Based on the concerns raised with the VIGOR study, Merck began another research study looking at heart attacks and stroke in those patients who were taking Vioxx on a long-term basis. Because the original data on short-term use of Vioxx did not show problems with heart attacks and stroke, long-term use needed to be evaluated. With any long-term study, the operative words are long-term. Research takes time.

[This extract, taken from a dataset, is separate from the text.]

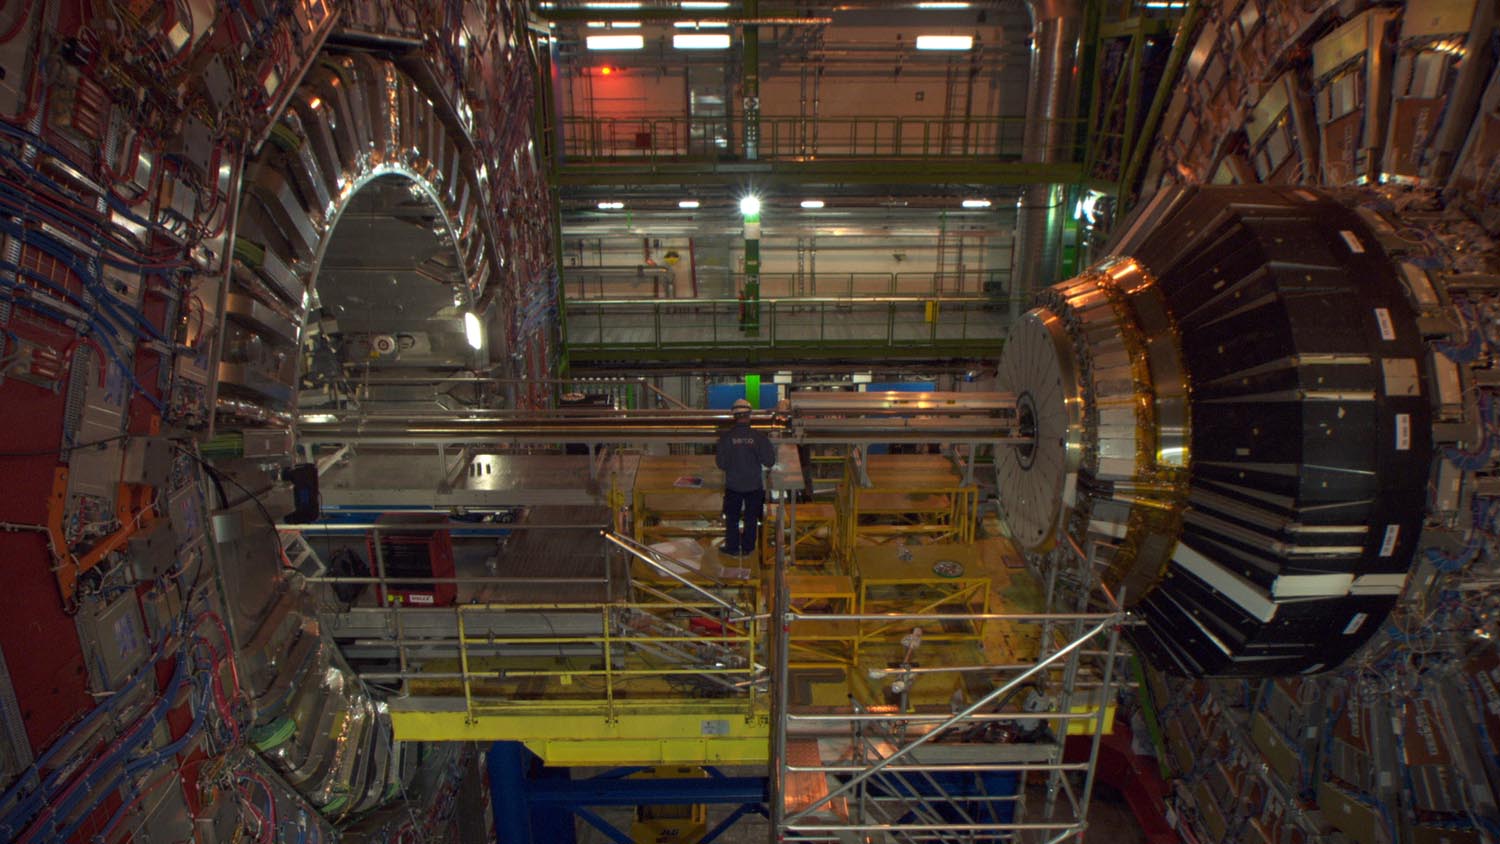 "CERN (Film)" by Nikolaus Geyrhalter Filmproduktion - Own work. Licensed under CC BY-SA 4.0 via Wikimedia Commons.

The study that led to Merck's voluntary withdrawal was the APPROVe (Adenomatous Polyp Prevention on VIOXX) study, which began enlisting study participants in 2000. The study was halted early because as the data were being evaluated, they showed that those patients taking Vioxx 25 mg daily for more than 18 months showed an increased risk for heart attacks and stroke (http://www.merck.com/newsroom/press_releases/product/2004_0930.html). Merck voluntarily withdrew this product from the market because it believed it was in the best interest of those people taking this medication. "We are taking this action because we believe it best serves the interests of patients," said Raymond V. Gilmartin, Chairman, President, and Chief Executive Officer of Merck. "Although we believe it would have been possible to continue to market VIOXX with labeling that would incorporate these new data, given the availability of alternative therapies, and the questions raised by the data, we concluded that a voluntary withdrawal is the responsible course to take."
The FDA needs to look at the question of whether something more needs to be done to notify those who prescribe drugs that as additional research continues on many drugs that may identify additional concerns that notification needs to occur. Certainly, this would be a monumental task. In the meantime, anyone prescribing medications should consider subscribing to MEDWATCH-I just signed up.